What did Higgerson make of the comparison between Reach and The Mill?

“It’s for them to talk about what they’re doing. What we’re doing through the Email Innovation Lab is responding to user research that told us two things,” he said.

“One: that people don’t have time to come to our websites every day and we operate in a 24-hour news cycle, which means that you aren’t guaranteed the most ‘important’ story of the day to be right in front of you. And secondly: there were therefore stories that would be lost in the news cycle. 

“So the plan for us with the email launches in Manchester, Liverpool, Bristol, Nottingham and London was to meet both of those demands. And the response has been really positive so far. 

“Candidly, from our point of view, it’s not a competition. We’ve always said: if people want to come in and launch journalistic enterprises in towns or cities that we’re in, we’ll always welcome that.

“Our experience of moving into other people’s markets, when we launched titles like Yorkshire Live, Leeds Live and Belfast Live – that was very much seen by the industry as Trinity Mirror, latterly Reach, moving into other people’s territories.

“But all we found whenever we’ve moved into a market is the overall size of the local audience grows as well, and I think the other publishers would testify to that. So the competition thing – I don’t really see that… The Evening Standard is not any smaller because of the existence of My London.”

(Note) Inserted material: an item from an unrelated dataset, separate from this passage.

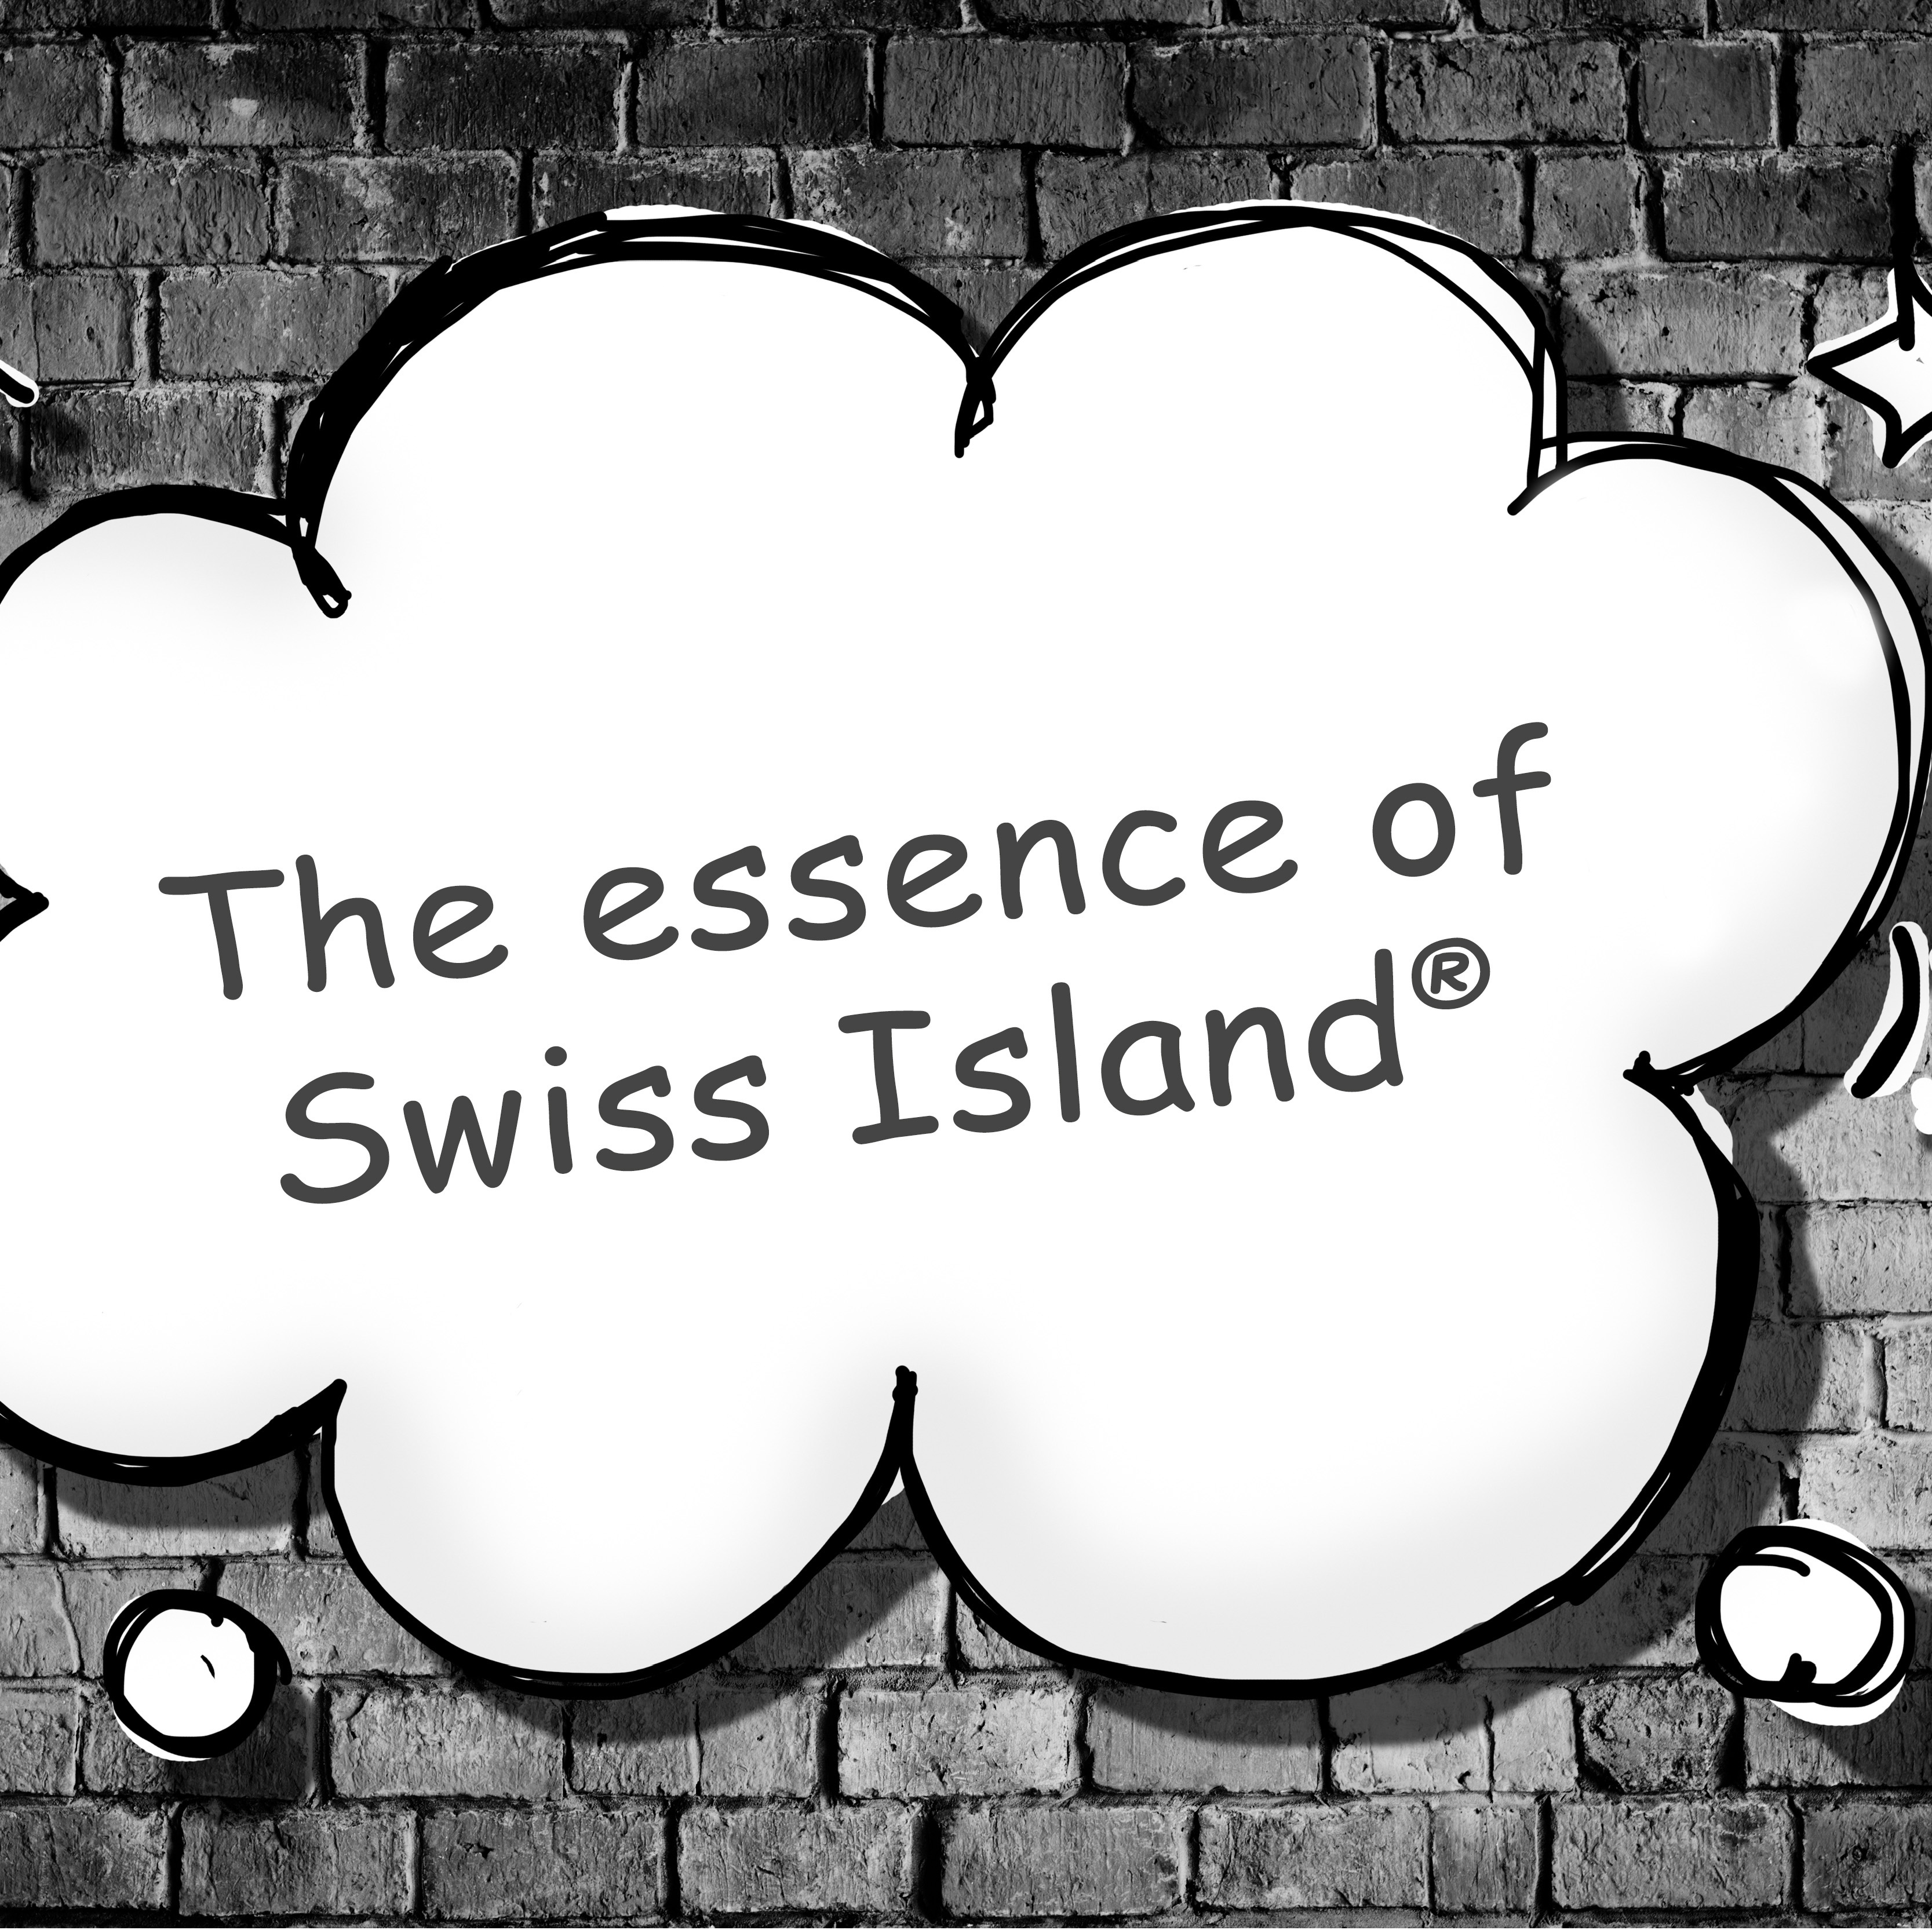 The essence of Swiss Island

The fight for/with social media

Social media has become a big competitor for eyeballs across the news industry. Because of this, Higgerson said: “The single biggest challenge that we’ve got is making people interested in local news, full stop.

“We’ve got some launches coming up as email newsletters that will turn some of our weekly newspapers into, essentially, seven-day brands for people across print and online. Because that’s where you feel the social media pressure the most.

“If there’s a helicopter swirling above your house on a Tuesday, and the paper’s not due out until Friday, by the time the paper comes out on Friday you’ve heard every conspiracy theory about the incredibly dangerous armed robbers hanging out in the local forest. And it actually turns out that [the police] were dealing with something far less sinister. 

“And that’s what we need to do – create relationships with readers so that at least once a day, they’re checking in with us because we’re coming to them and that helps them better inform the conversations they’re having on social media. 

“And that is where the real battle for attention, and indeed revenue, is. It’s far more between social media or search companies and publishers – big or small – than it is between any two publishers of any size.”